The most significant evaluation development of the past two years. Use a strong LLM to evaluate generated text:

def evaluate_summary(source: str, summary: str) -> dict:
    prompt = f"""Evaluate this summary on a 1-5 scale for each criterion:

    SOURCE: {source}
    SUMMARY: {summary}

    Criteria:
    1. Faithfulness: Does the summary only contain information from the source?
    2. Coverage: Does it capture the key points?
    3. Coherence: Is it well-organized and readable?
    4. Conciseness: Is it appropriately brief without losing meaning?

    Return JSON: {{"faithfulness": n, "coverage": n, "coherence": n, "conciseness": n, "reasoning": "..."}}"""
    
    return call_llm(prompt, model="gpt-4o")

Why It Works

Correlates highly with human judgment (often >0.8 Spearman correlation)
Evaluates nuanced quality dimensions that metrics can’t
Scales without human annotators
Can be customized to specific evaluation criteria

Why It’s Imperfect

Position bias: LLM judges tend to prefer the first option in pairwise comparisons. Mitigate by randomizing order and averaging.

Self-preference bias: Models tend to rate their own outputs higher than other models’ outputs. Use a different model for judging than for generating.
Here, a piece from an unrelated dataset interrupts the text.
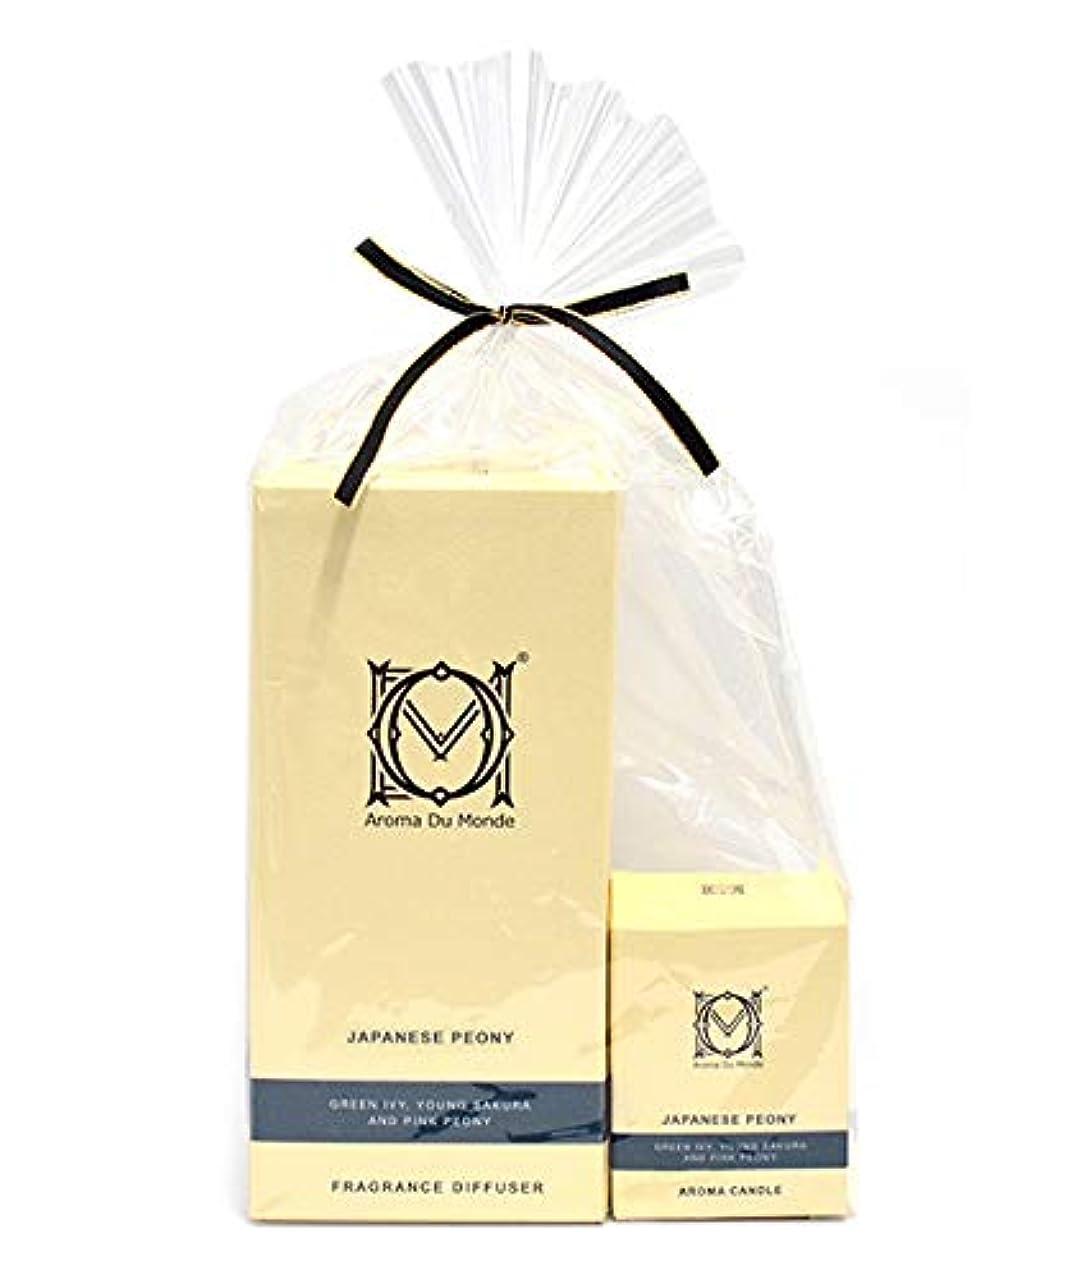 正義変位ジョージハンブリーフレグランスディフューザー&キャンドル JPピオニー セット Aroma Du Monde/ADM Fragrance Diffuser & Candle Japanese Peony Set 81158

Verbosity bias: Longer responses tend to get higher scores regardless of quality. Explicitly instruct the judge to not favor length.
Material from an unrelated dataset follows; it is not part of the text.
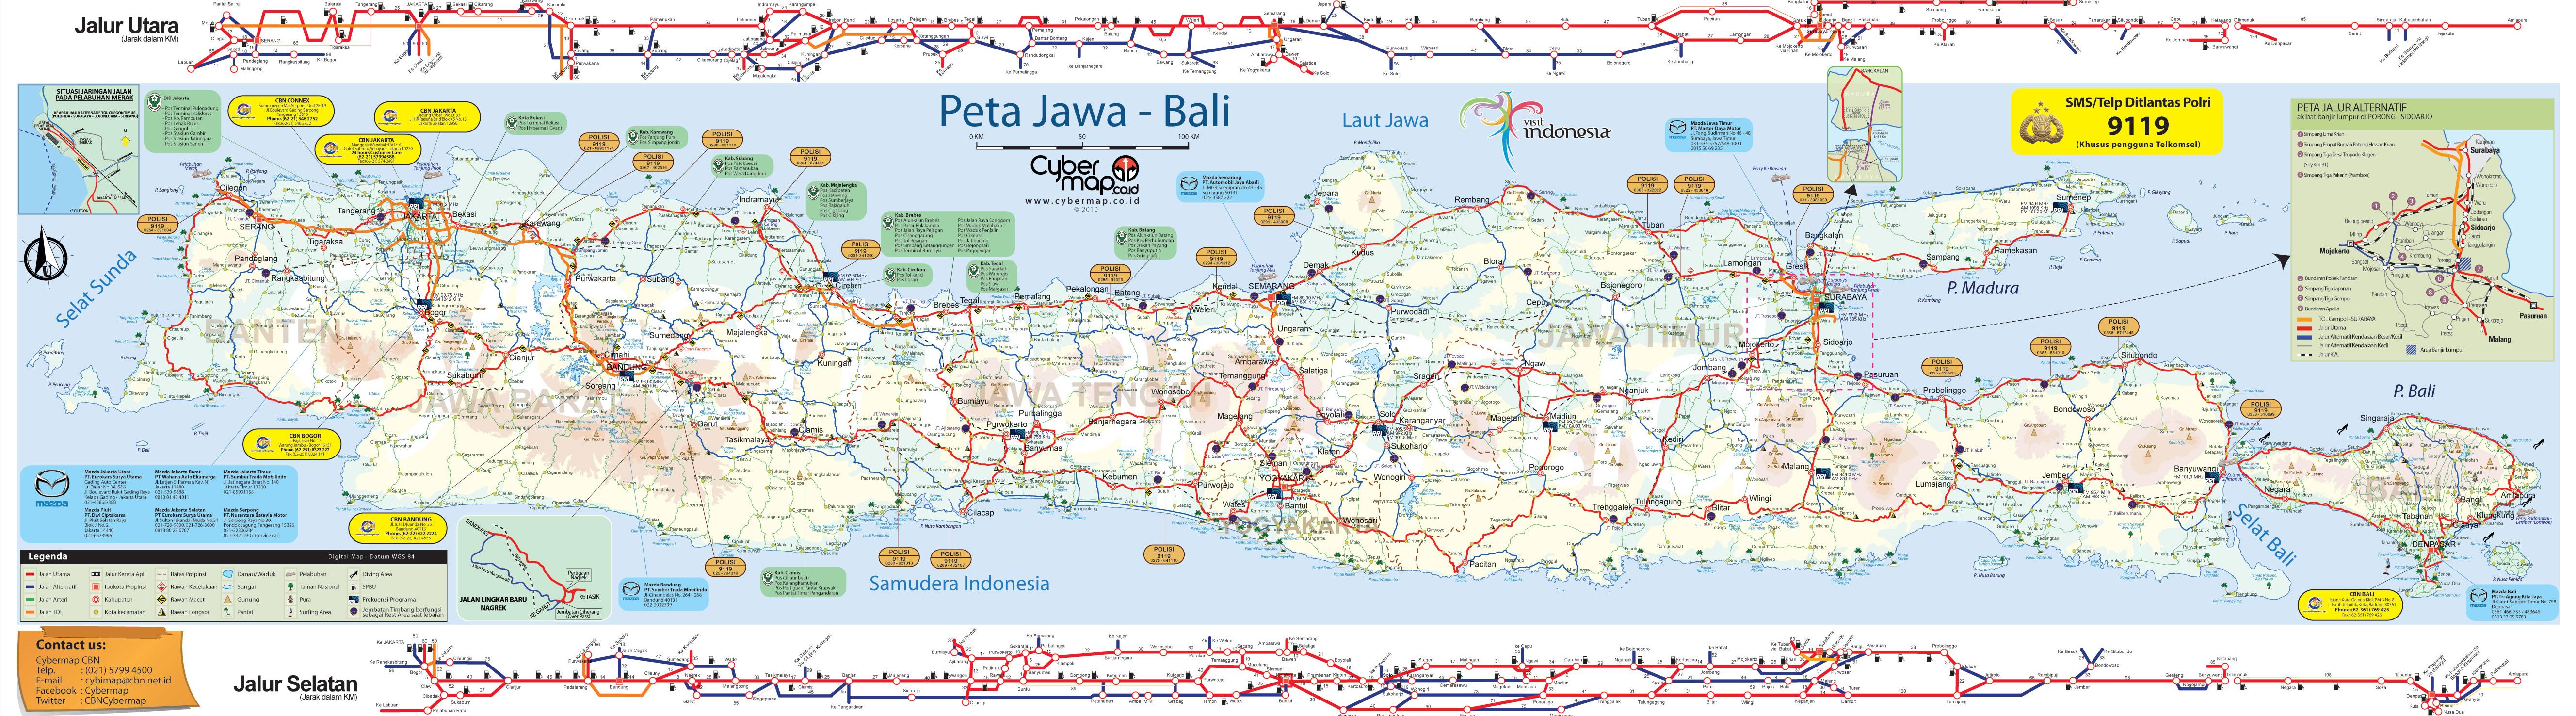 Lengkap Gratis Peta Jalur Mudik 2012 Utara Pantura Siap Gambar

Inconsistency: The same judge can give different scores to the same text across runs. Average multiple evaluations or use lower temperature.

Best Practices

def robust_llm_evaluation(text_a, text_b, criteria):
    scores = []
    
    # Run both orderings to mitigate position bias
    for ordering in [(text_a, text_b), (text_b, text_a)]:
        score = judge_model.evaluate(*ordering, criteria=criteria)
        scores.append(score)
    
    # Average across orderings
    return aggregate(scores)

Task-Specific Evaluation

Summarization

Faithfulness (factual consistency with source): Most important. Use NLI-based metrics or LLM-as-judge.
Coverage: Does the summary capture all key points? Compare against multiple reference summaries.
Compression ratio: Is the summary actually shorter? (Surprisingly, some models produce “summaries” longer than the input.)

Translation

COMET: Learned metric trained on human quality judgments. State-of-the-art correlation with human evaluation.
chrF: Character-level F-score. Better than BLEU for morphologically rich languages.

Creative Writing

Hardest to evaluate. No reference text exists. Options:

Human evaluation panels with rubrics
LLM-as-judge with creativity-specific criteria
Reader engagement metrics (if deployed)

Code Generation

The easiest: does the code pass the test cases?

def evaluate_code(generated_code: str, test_cases: list) -> dict:
    passed = 0
    for test in test_cases:
        try:
            exec(generated_code + "\n" + test['assertion'])
            passed += 1
        except:
            pass
    return {"pass_rate": passed / len(test_cases)}

Building an Evaluation Pipeline

A production-grade evaluation pipeline combines multiple approaches:

class TextEvaluationPipeline:
    def evaluate(self, generated: str, reference: str = None, source: str = None):
        results = {}
        
        # Automated metrics (fast, cheap)
        if reference:
            results['bertscore'] = compute_bertscore(generated, reference)
            results['rouge'] = compute_rouge(generated, reference)
        
        # LLM-as-judge (slower, more nuanced)
        results['llm_judge'] = llm_evaluate(
            generated, source=source,
            criteria=['faithfulness', 'coherence', 'helpfulness']
        )
        
        # Task-specific checks
        results['length_appropriate'] = check_length(generated, target_range)
        results['no_hallucinations'] = check_factuality(generated, source)
        
        return results

The Uncomfortable Truth

No single metric captures text quality. The best evaluation combines:

Automated metrics for fast feedback during development
LLM-as-judge for nuanced quality assessment at scale
Human evaluation for final validation and calibrating your automated methods

The teams that build the best text generation systems are the ones that invest the most in evaluation — not in model architecture.